# Moss with good form in low light?



## snail (Aug 6, 2010)

I'm wanting to buy a moss to grow in a dark corner of my 90 gallon. I have kept java moss for years and love it but I fancied something a little different. I was thinking Christmas Moss or peacock moss but I know some mosses loose their form and just look like java moss without fairly high lighting. 

Any thoughts, experience? I want a moss but really it could be any moss as long as it has a nice form under low light conditions.


----------



## Mikolas (Jan 16, 2010)

What about willow moss? It is considered really slow to grow, but has a very natural look to it once it takes root.


----------



## snail (Aug 6, 2010)

I had something a bit more compact looking in mind like christmas moss or taiwan moss in mind although I do like willow moss, funnily enough I was given some yesterday. Do you have any experience growing it?


----------



## BBradbury (Apr 22, 2011)

Good morning snail...

Singapore moss grows extremely well in low light and as it gets taller, the branches get thicker. It does well attached to driftwood, but will grow attached to floating plants too.

I've had it growing in a couple of my low tech, low light, 55 Gs for a few years and really like it.

Makes great cover for pregnant livebearers and the fry.

B


----------



## snail (Aug 6, 2010)

Thanks BBradbury, that's very helpful, have you tried other mosses too or just Singapore moss?


----------



## James0816 (Jun 19, 2009)

Peacock moss may be your best bet for lower light setups. Taiwan, Singapore and Christmas moss will "hold their own" but won't be as purtyful.


----------



## BBradbury (Apr 22, 2011)

snail said:


> Thanks BBradbury, that's very helpful, have you tried other mosses too or just Singapore moss?


Hello again snail...

Just the Singapore at this point.
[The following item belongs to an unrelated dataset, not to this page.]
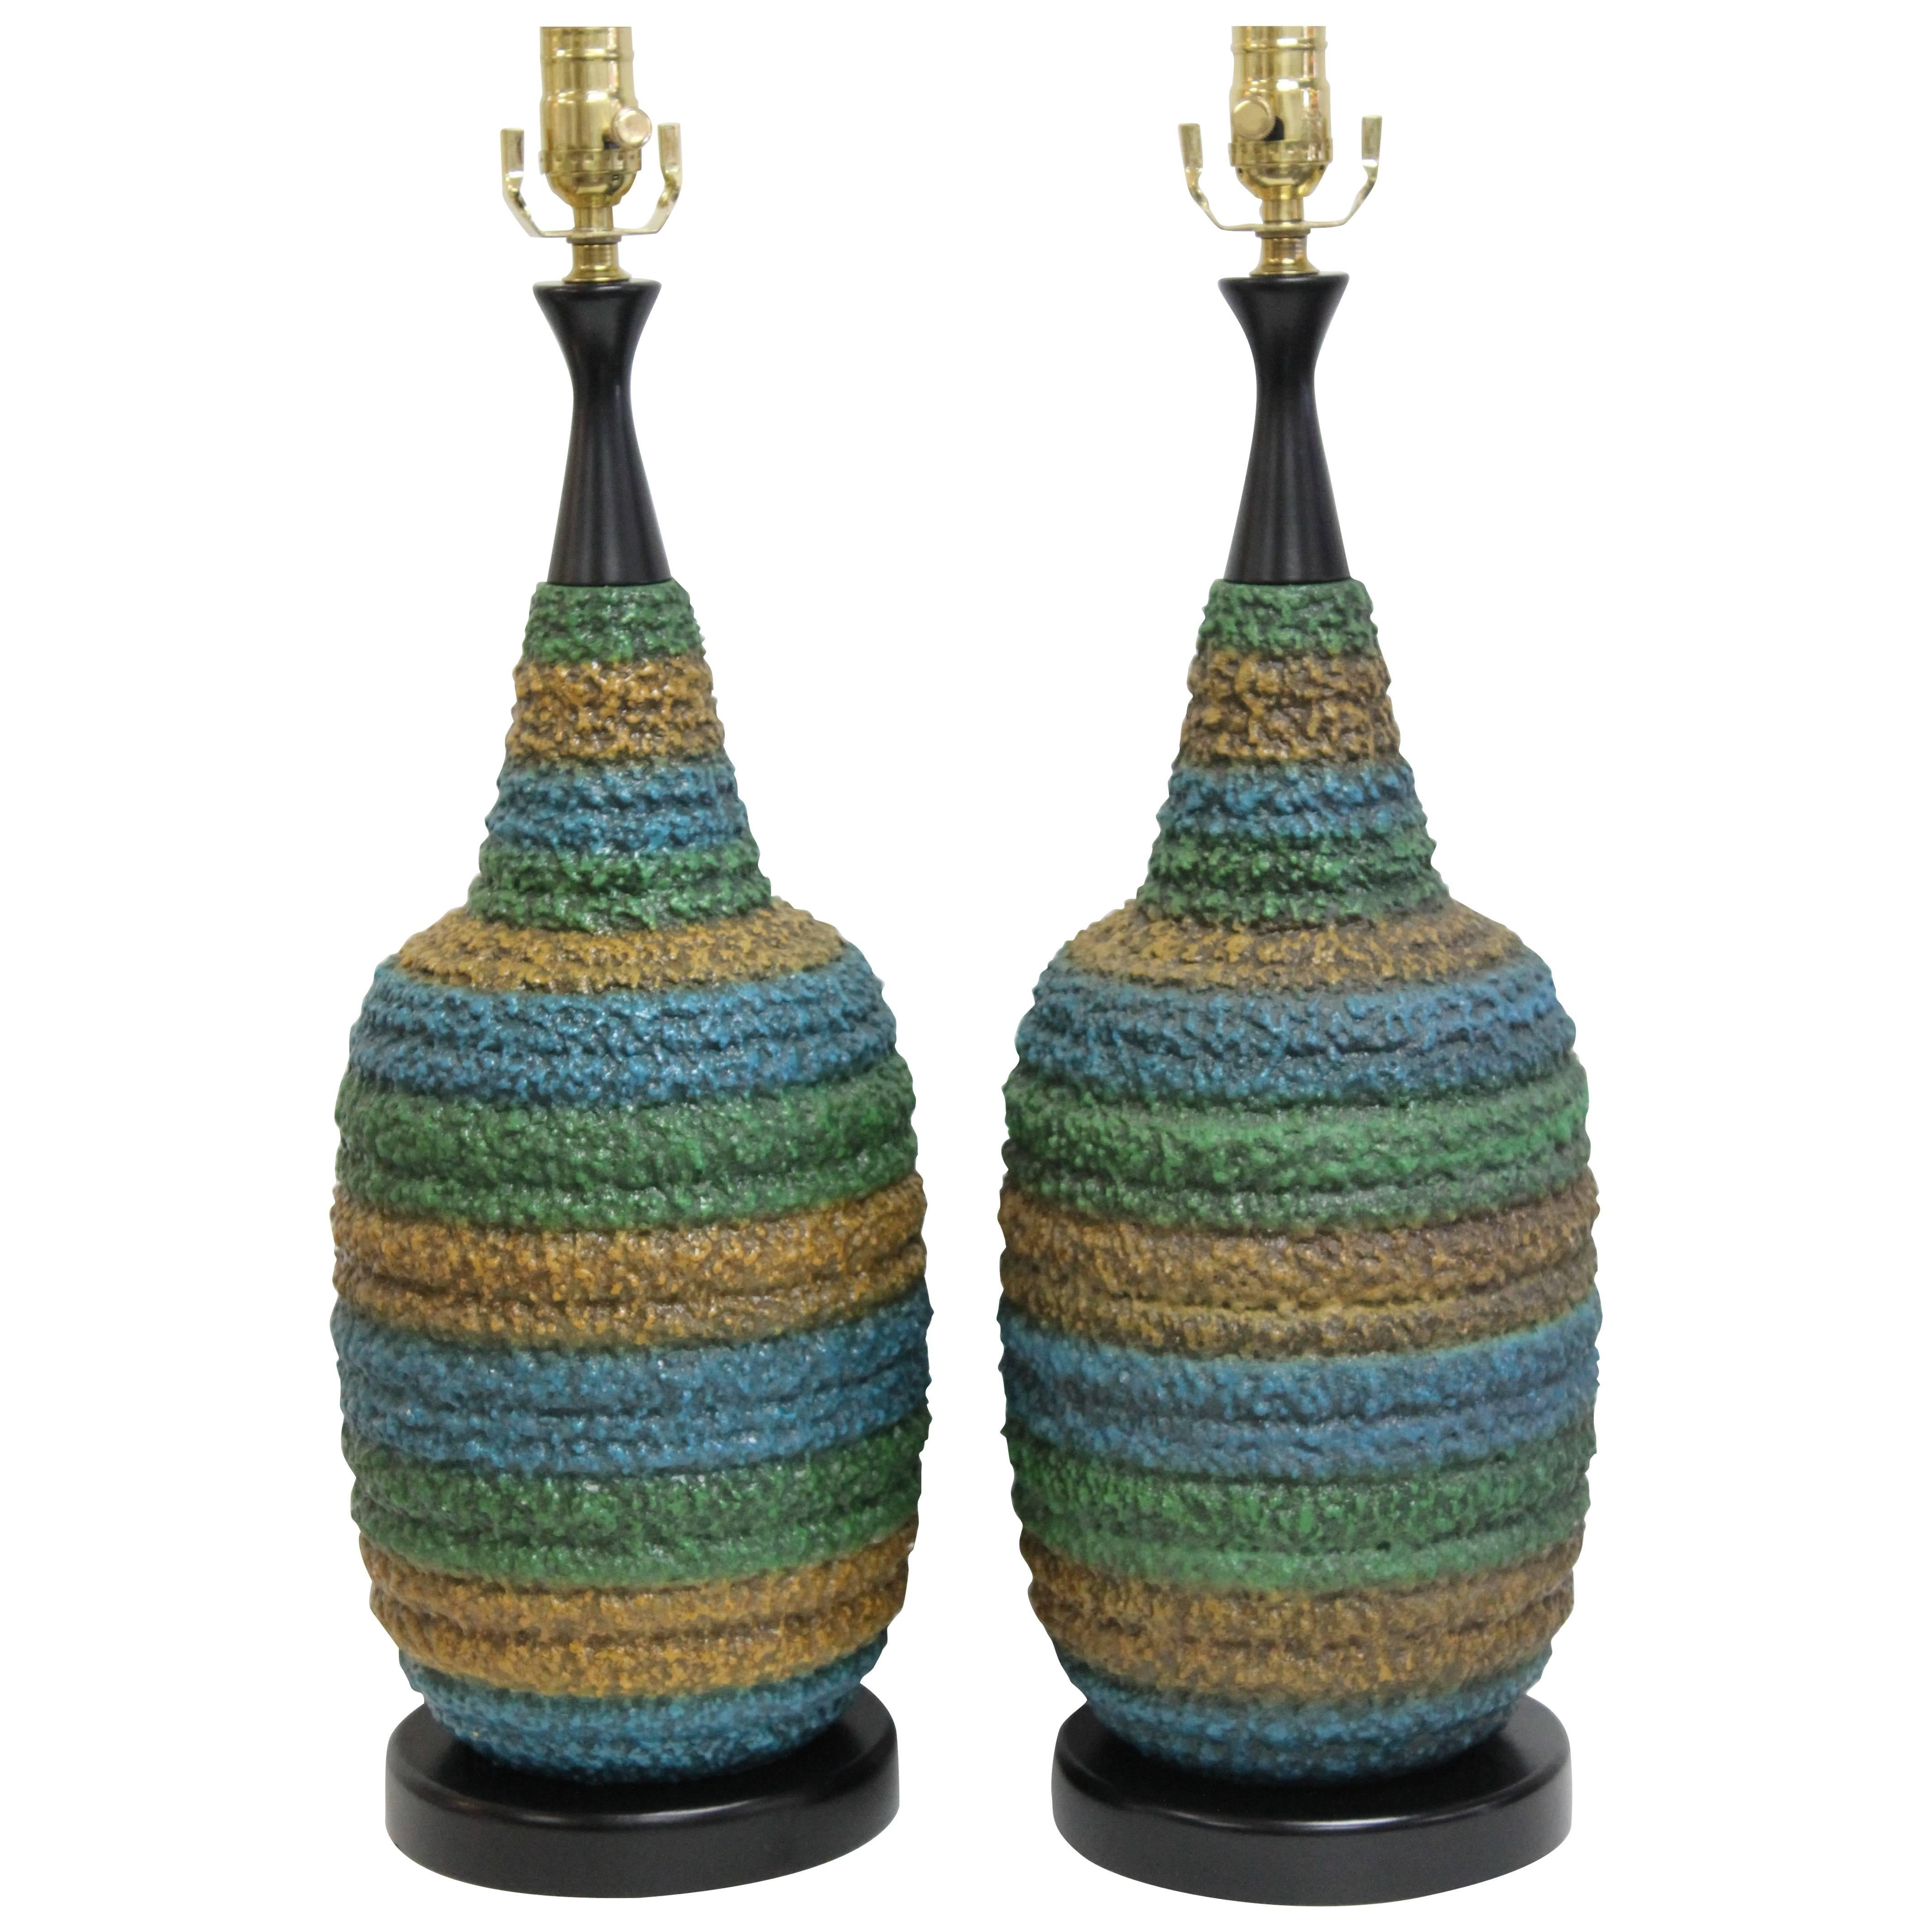 Pair of Multicolored Ceramic Lamps

It came attached to driftwood and was on sale at the time. As with most mosses, it dies back at first, but will recover and in the right conditions, can get quite large. If you keep it in large tanks, it looks very nice.

I've found low light plants need a good fert dosed weekly and need the tank water changed weekly too. I dose a liquid hydroponics fert and change half the water in my tanks weekly. The combination of the macro nutrients from the clean water and the fish and the micros from the liquids keeps my plants growing and in good health.

Above everything else, have fun!

B


----------